The alternate minimizations method returns : 358.939133356636


<h3> Question 5.4 </h3>

Compare projected gradient and alternate minimizations methods. Are the solutions the same? Is the objective value the same? How do the computing times compare?

In [20]:
N = 100

t1_f = time.time()
W_f, H_f, min_g_fproj = full_projected_gradient_method(compute_obj_function, compute_grad_obj_function, vectorize(W0, H0), N)
t2_f = time.time()
len_f = t2_f - t1_f

t1_a = time.time()
W_a, H_a, min_g_alternative = projected_alternate_minimization_method(compute_obj_function, compute_grad_obj_function, W0, H0, N)
t2_a = time.time()
len_a = t2_a - t1_a

In [21]:
print('With the projected method, we get: ' + '\n\n' +
      'W = ' + str(W_f) + '\n\n' +
      'H = ' + str(H_f) + '\n\n' + 
      'g(W, H) = ' + str(min_g_fproj) + '\n\n' +
      'in ' + str(len_f) + ' seconds' + '\n\n\n' +
      'With the alternate minimizations method, we get: ' + '\n\n' +
      'W = ' + str(W_a) + '\n\n' +
      'H = ' + str(H_a) + '\n\n' + 
      'g(W, H) = ' + str(min_g_alternative) + '\n\n' +
      'in ' + str(len_a) + ' seconds'
      )

With the projected method, we get : 

W = [[ 0.         71.87194646]
 [ 0.         78.95671828]
 [ 0.         73.78427977]
 [58.61889631 44.95150838]
 [42.82422019 54.7030421 ]
 [19.70616719 66.01665216]
 [15.67926382 65.83761374]
 [49.26104602 45.4162348 ]
 [69.34129776 36.40236423]
 [33.16588484 55.23490189]]

H = [[0.38022727 0.32407219 0.21108828 ... 0.26975117 0.14660154 0.15375377]
 [0.62086486 0.68036239 0.69322862 ... 0.70915623 0.71735043 0.75100897]]

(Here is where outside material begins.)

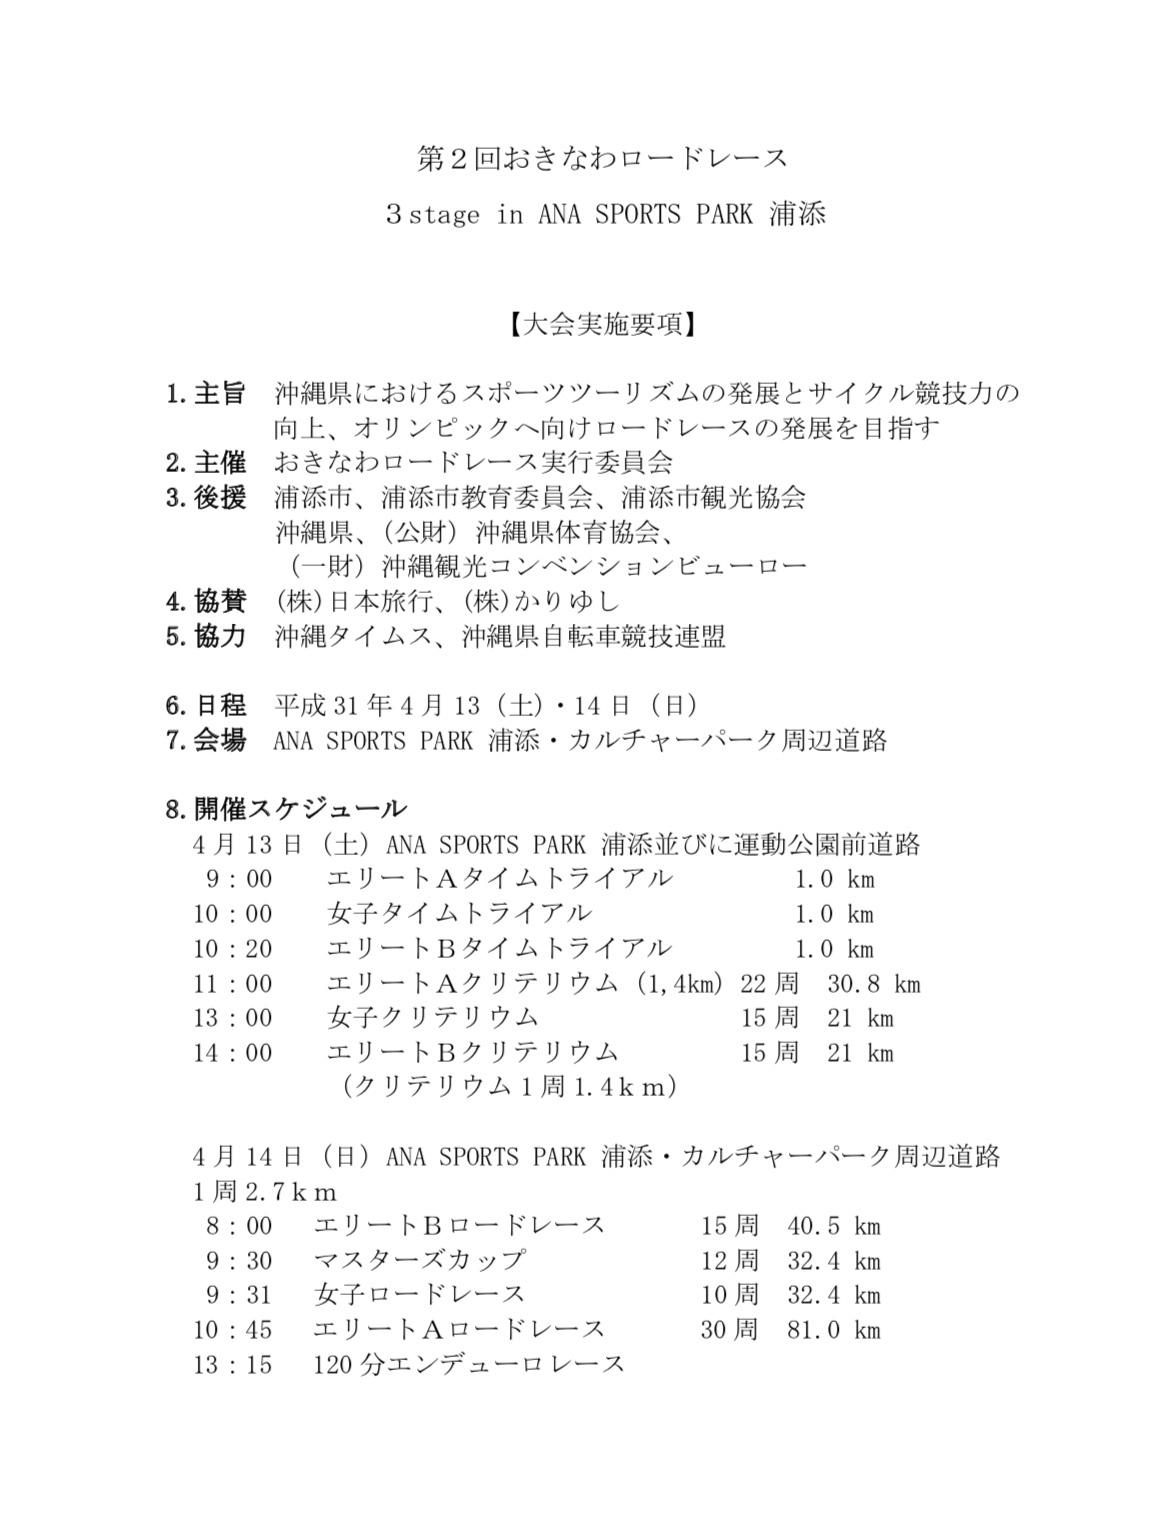 3/15迄。4/13.14(土.日)〝おきなわロードレース〟 3ステージ in ANA SPORTS PARK 浦添_e0363689_16354939.jpeg

g(W, H) = 363.5666859963321

in 0.556485652923584 seconds


With the alternate minimizations method, we get : 

W = [[  8.99411112  69.99680342]
 [  8.60837769  77.61389637]
 [  0.          76.51990801]
 [ 91.45289359  33.27808448]
 [ 78.98961077  40.74758491]
 [ 29.81289594  64.6332918 ]
 [ 31.26695766  61.36509863]
 [ 89.45646221  29.38187546]
 [113.30233658  19.25822191]
 [ 70.59605747  40.061465  ]]

H = [[0.33001953 0.30930524 0.24844045 ... 0.2449774  0.18905016 0.18328004]
 [0.59940083 0.65791425 0.67107203 ... 0.72638249

We remark that the alternate minimizations method gives a better minimum than the projection gradient method, but it is longer in terms of complexity (6.8s vs 0.6s). Besides, it shows that the solution obtained with the alternate minimizations method is more precise than the other one.

<h3> Question 5.5 </h3>

What stopping criterion could be used for the algorithms instead of just the number of iterations?

Instead of using a number of iterations, we could stop iterating when the norm of the difference between two successive values is less than a threshold that is fixed by the user (e.g. $\epsilon = 10^{-6}$).